Background Routine comparable outcome data collection relating to the later health status of babies born very preterm has long been considered important, but has not been achieved in the UK.

Aim To test the potential for a parental questionnaire to provide these data for all eligible babies from a geographical population.

Methods Consent for follow-up by questionnaire (using the Parent Report of Children's Abilities-Revised combined with questions derived from the Oxford minimum dataset) was sought for all babies ≤30 weeks of gestation, discharged from a hospital in the East Midlands and Yorkshire regions of the UK, having been born between 1 January 2007 and 31 December 2011.

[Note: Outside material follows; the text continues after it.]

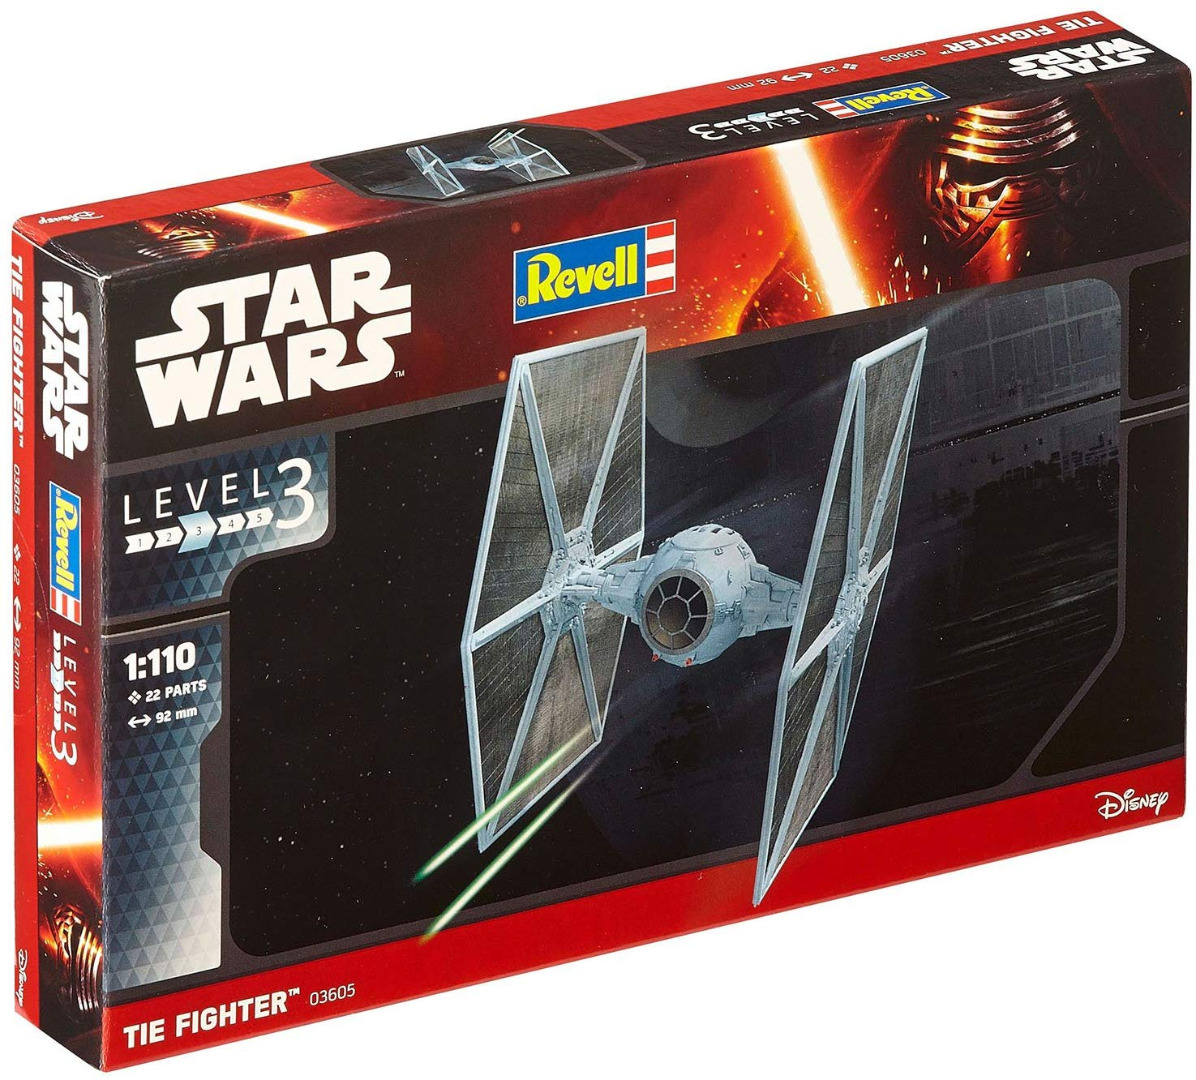 Revell Model Kit Star Wars Tie Fighter Scale 1:110

Results The rate of consent to participate in follow-up showed a steady increase over time to 83.1% in 2011. However, the response rate in terms of completion and return of the questionnaire at 2 years, as a proportion of those eligible, showed little change over time, varying between 42% and 46%. Among those children where a questionnaire was returned, the rate of disability was broadly consistent over time: lowest in 2009, 21.0% (95% CI 16.8% to 25.6%) and highest in 2011, 25.5% (95% CI 21.5% to 31.2%). The instruments used appeared effective with the capability of discriminating between children with physical and/or cognitive disability.

Conclusions The overall response rate in terms of returned questionnaires was disappointing and inadequate to recommend for implementation. It is possible that response rates would have been higher had clinical follow-up been linked to the data obtained from the questionnaires rather than running as a parallel process.